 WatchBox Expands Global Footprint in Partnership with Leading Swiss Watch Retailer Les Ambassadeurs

--

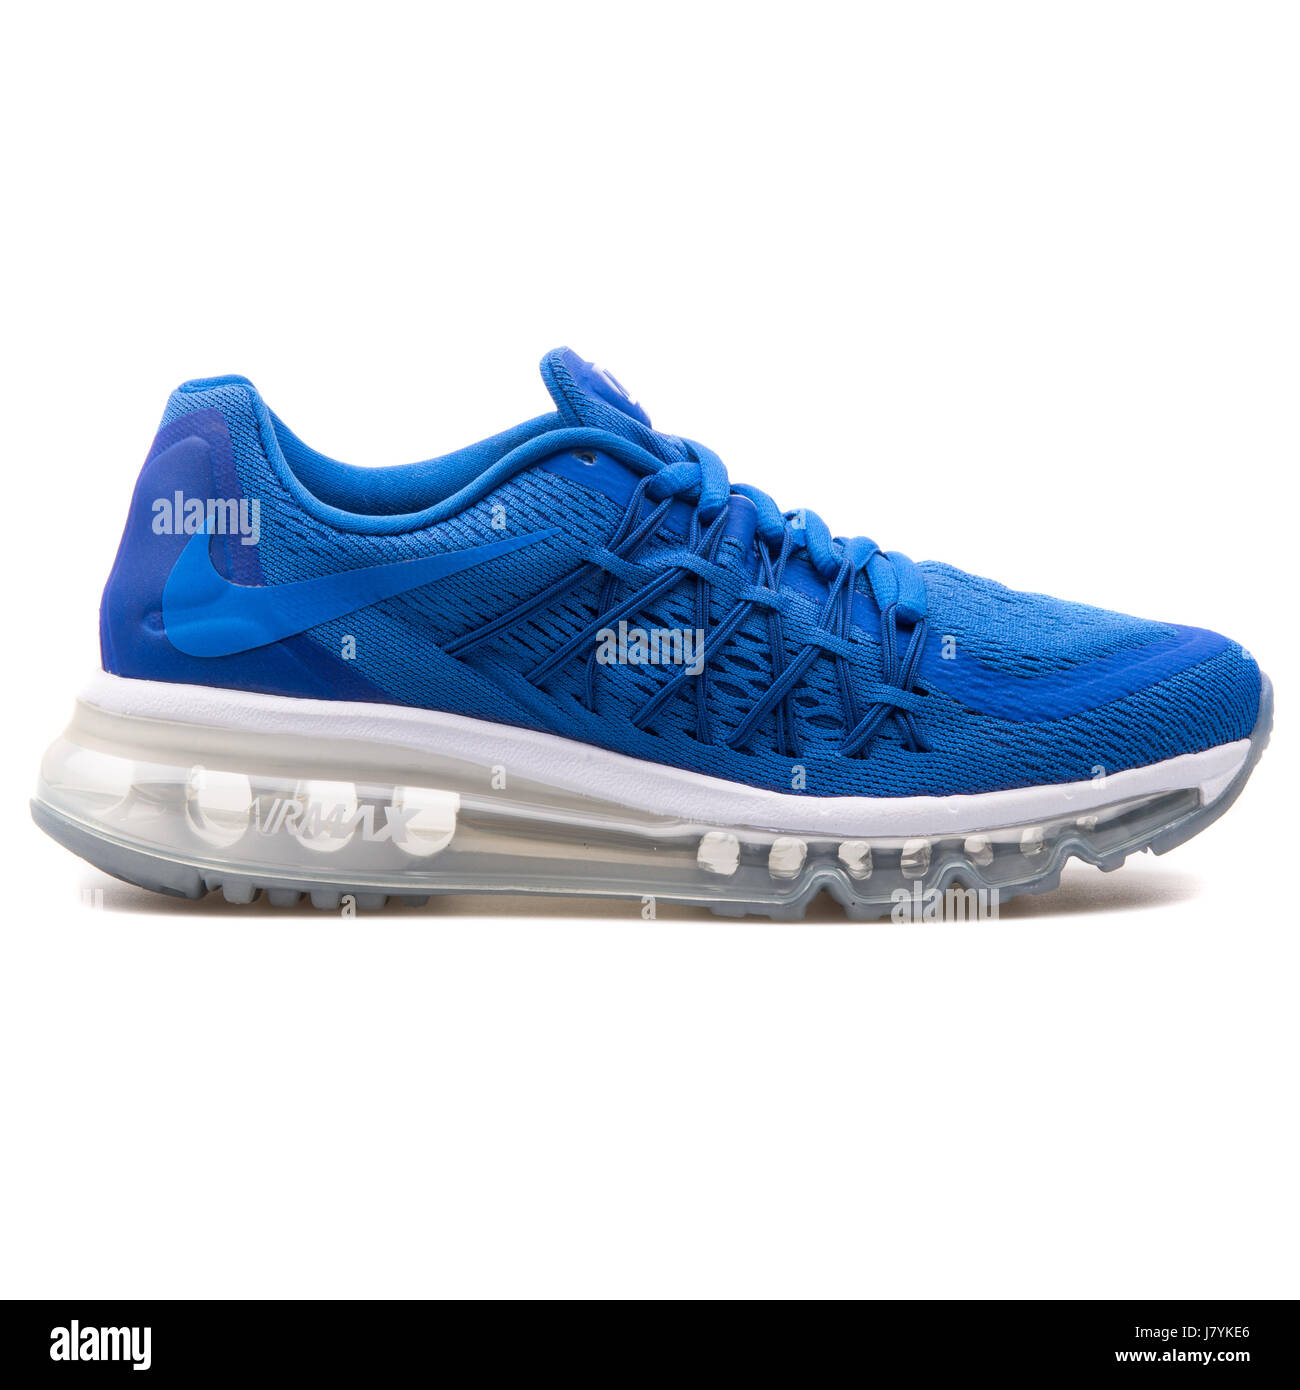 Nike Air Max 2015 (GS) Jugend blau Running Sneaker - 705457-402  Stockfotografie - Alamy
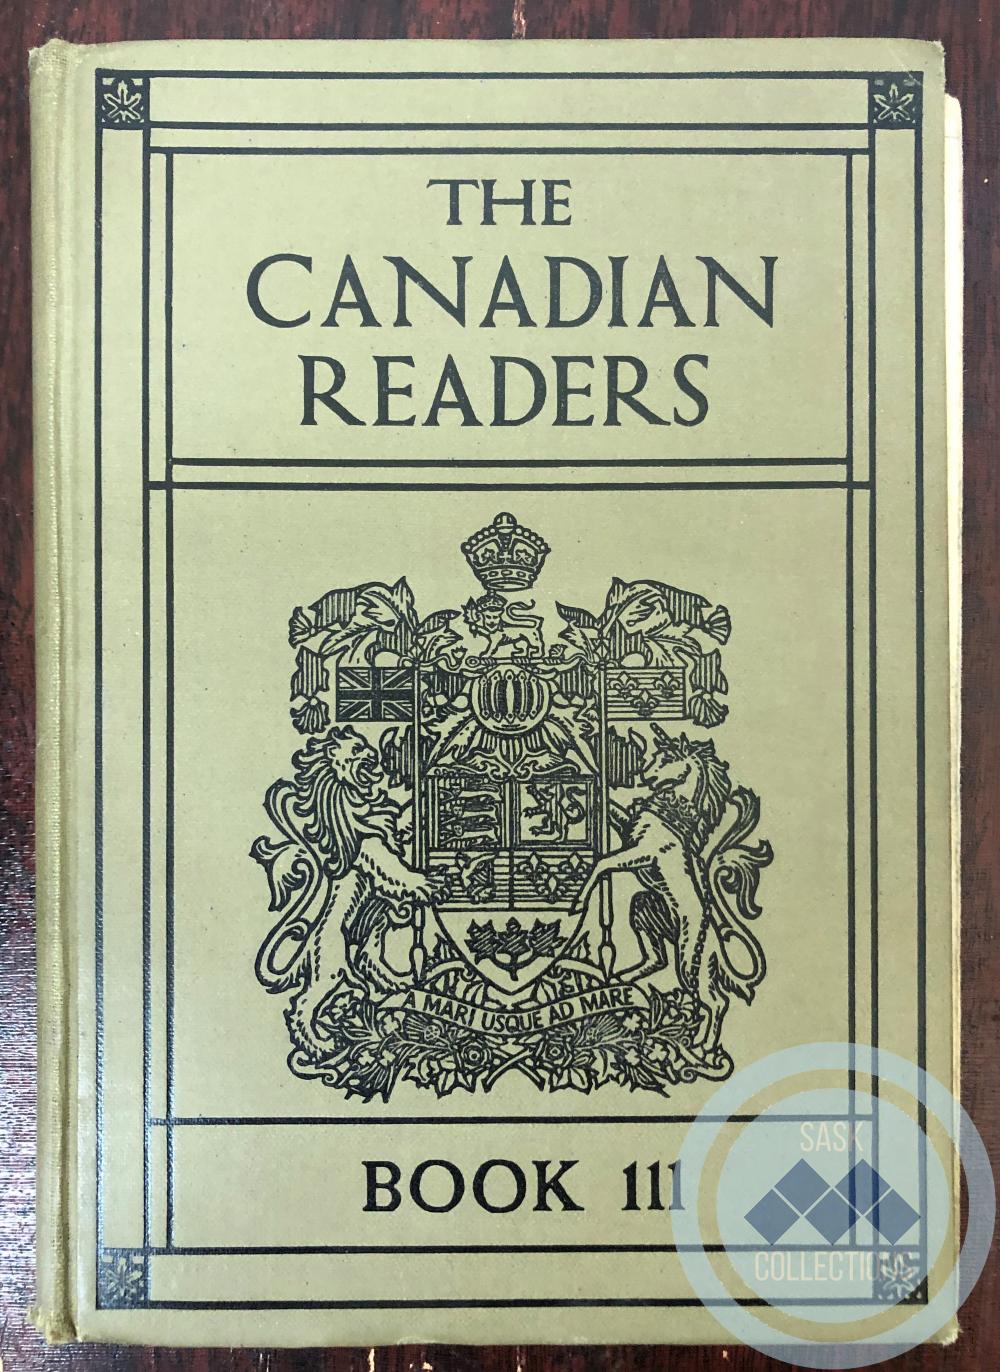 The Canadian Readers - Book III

---

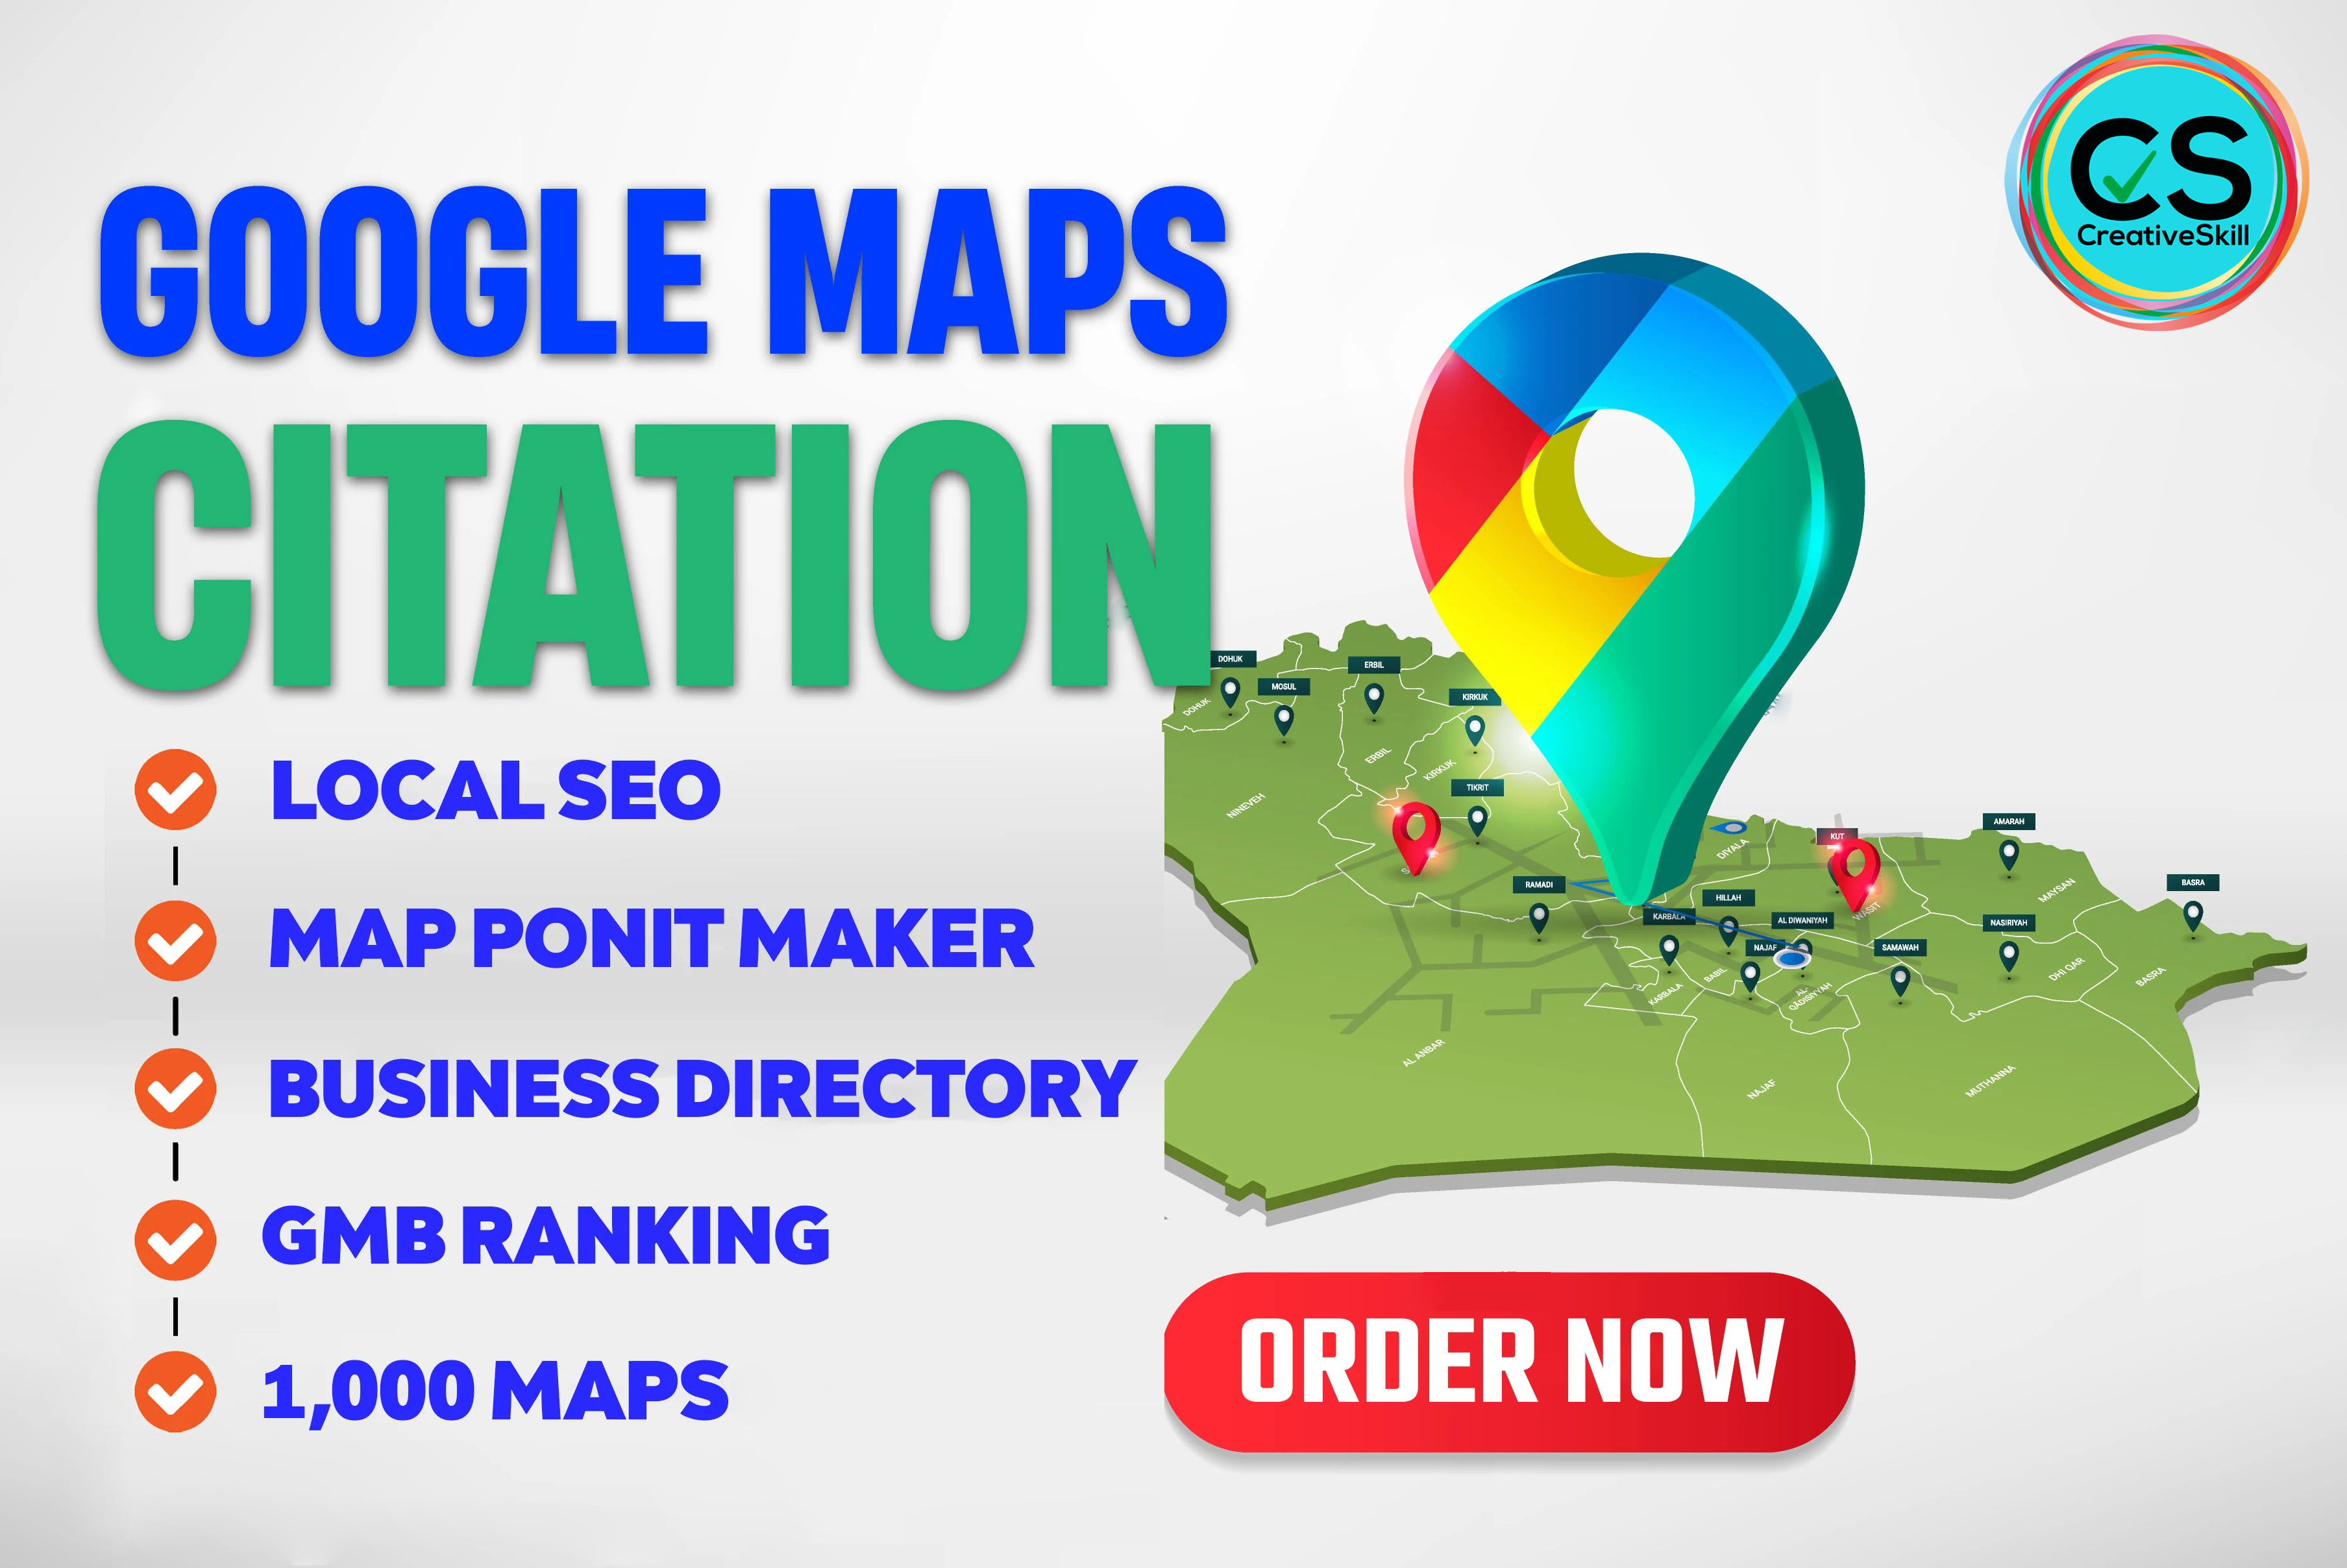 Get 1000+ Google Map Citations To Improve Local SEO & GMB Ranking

EXERCISE GOAL :: The stretch to restate runs from the line above containing "Nike Air Max" through the line containing "The Canadian Readers - Book III". Copy it word for word, ends included, without pictures.

RESULT OF THIS TASK ::
 Nike Air Max 2015 (GS) Jugend blau Running Sneaker - 705457-402  Stockfotografie - Alamy
 The Canadian Readers - Book III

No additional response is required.